Patronlardan yeni anayasa tepkisi

TÜSİAD Yönetim Kurulu Başkanı Muharrem Yılmaz, Anayasa Komisyonu’nun dağılmasıyla ilgili, "Türkiye’nin ilk kez sivil, demokratik bir anayas...

Abone ol

TÜSİAD Yönetim Kurulu Başkanı Muharrem Yılmaz, Anayasa Komisyonu’nun dağılmasıyla ilgili, "Türkiye’nin ilk kez sivil, demokratik bir anayasa yapmayı kaçırma noktasına gelmesi büyük bir hayal kırıklığı yaratmıştır" dedi.
TÜSİAD ve Sabancı Üniversitesi İstanbul Politikalar Merkezi’nin (İPM) düzenlediği "Demokrasinin Kurumsallaşması ve Sürdürülebilirliği" konferansında konuşan Türk Sanayicileri ve İşadamları Derneği (TÜSİAD) Yönetim Kurulu Başkanı Muharrem Yılmaz, TÜSİAD olarak 20 yılı aşkın süredir Türkiye’de demokratik standartların yükseltilmesi konusunda sayısız rapor, görüş ve seminer çalışması yaptıklarını belirterek, birçok STK’nın da Türkiye’de demokrasinin gelişmesine değerli katkı sağladığını ve bu uzun ince yolda çalışmaya devam etmek zorunda olduklarını söyledi.
Demokrasinin her zaman korunması ve geliştirilmesi gereken bir kazanım olarak anlaşılması gerektiğine inandıklarını dile getiren Muharrem Yılmaz "Demokrasi alanındaki kazanımların kalıcı kılınabilmesi için yapılacak tartışmaların da kurumsallaşma ve sürdürülebilirlik eksenlerinde olması gerektiğini düşünüyorum.
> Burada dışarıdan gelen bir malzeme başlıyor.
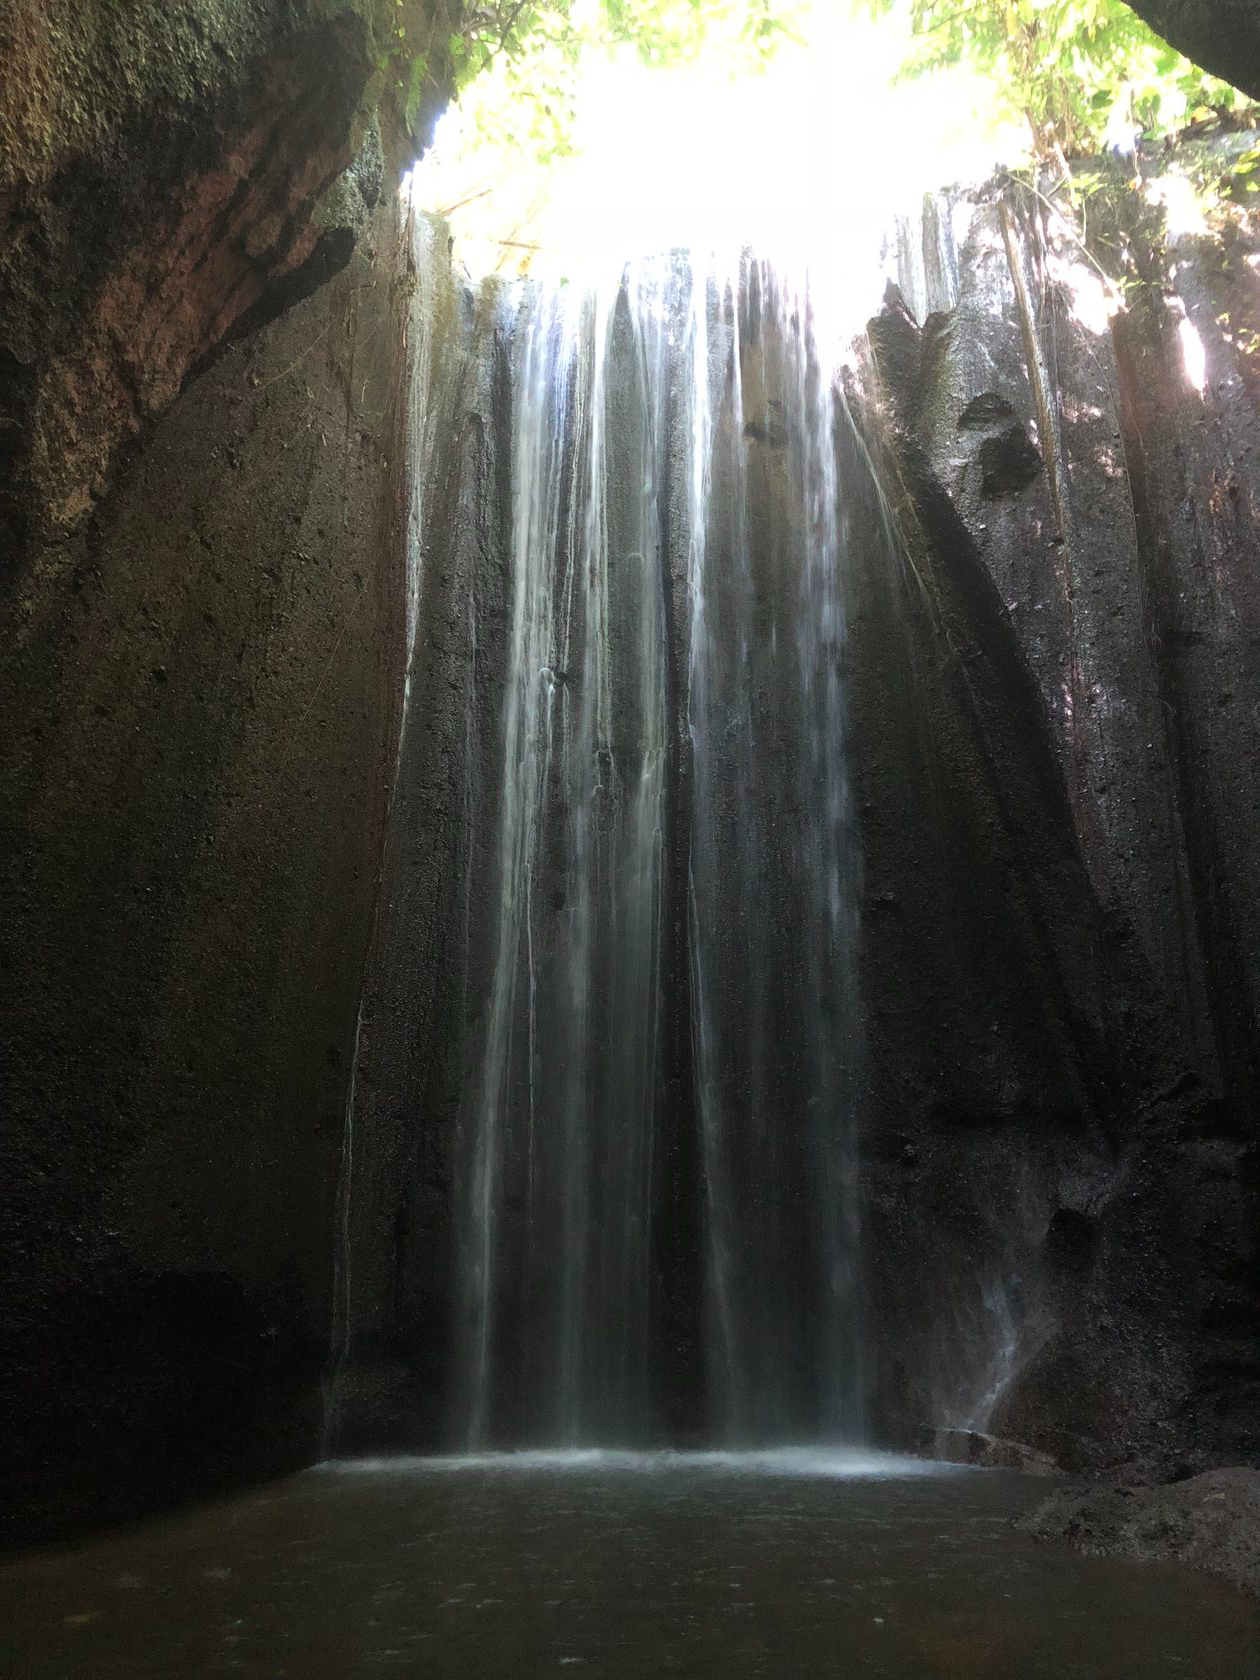 Tukad cepung waterfall in bali guide - wanderers & warriors

Demokrasinin kurumsallaşması, demokratik kurum, kurallar ve teamüllerin yerleşmesini ve istikrar kazanmasını gerektirir. Bu çerçevede erklerin o ülkenin şartlarına ve tarihi tecrübesine göre belirlenmiş bir sistem içerisinde birbirleriyle uyumlu şekilde işlemesi önemli hale gelmektedir. Sisteminizi öyle bir tasarlamalısınız ki toplumun çoğulcu yapısını yansıtsın, sorunları krize dönüşmeden kontrol edebilsin ve çarklar kırılmadan çalışabilsin" şeklinde konuştu.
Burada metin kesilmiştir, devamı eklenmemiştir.